(From an editorial)
A study team on automation headed by Mr. N. M. Tidke, Labour Minister of Maharashtra, has reiterated, in its report submitted recently to the State Assembly that, without selective introduction of automated techniques of production, the ground will not have been prepared for creating job opportunities in the dimension warranted by the country’s long-term needs of employment. The team is aware that a suggestion of this sort will not be welcomed by those who are crying hoarse for a deliberate bias towards labour-intensive techniques as the best way to tackle the problem of unemployment. It has, therefore, emphasised the point that “it is, on advanced technology that we depend for the realization of the fruits of civilisation and it is for us to convert the same into an instrument of economic growth and social progress, organisationally feasible, individually beneficial and socially desirable.” Much of the opposition to computers, for instance, has arisen from a misconception of their role and the inept method of their introduction. The benefit from these instruments does not consist in large-scale displacement of clerical and other labour, force but in their superior computational ability in terms of both quality and quantity, which helps directly and indirectly to expand investment and therefore employment opportunities. If this idea has been difficult to sell to Indian trade unions, it may be because proper homework has not been done before introducing computers. The Tidke team finds that “the situation is not generally satisfactory in respect of quality and types of computer applications adopted, the available training facilities, the attitude of labour and management towards computerisation and above all our total approach to problem solving in this sector of the economy.” A good deal of preliminary work to overcome these defects should therefore be undertaken.

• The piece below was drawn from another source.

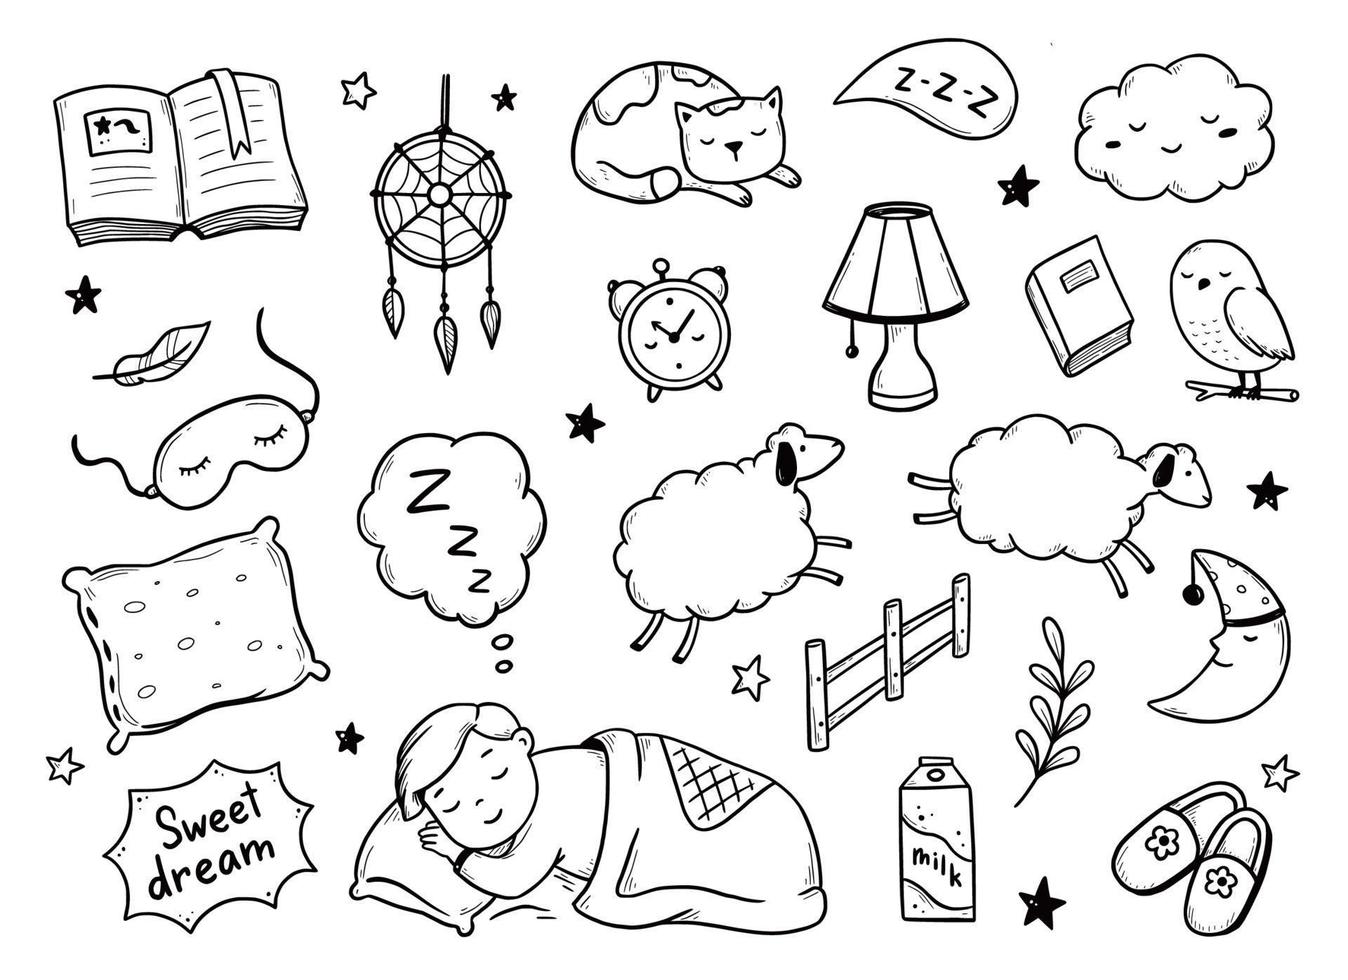 dormire, rilassarsi, sognare la notte doodle set vettore

The stress has to be on the use of computers of the right type. The task cannot be postponed any longer. Some of the big public sector undertakings have already begun to feel the need for such machines. The Hindustan Steel Limited has found that the quality of the ore fed into its blast furnaces is not the same every day and that electronic devices make it easy to control the temperature and other factors in order that a finished product of standardized quality is obtained from ores of diverse quality. Other government undertakings like the Indian Telephone Industries and Hindustan Machine Tools have also been pressing for the introduction of computers for firming up the efficiency of their production control programmes. Two points deserve notice in this connection: the first is that the number of sophisticated business machines that the country has is only 100 against 40,000 in the United States and 1,750 in the Soviet Union. The second point which follows from this is that, unless India is able to make up the leeway, costs will soon prove too uncompetitive making it more and more difficult for our exporters to hold their markets abroad.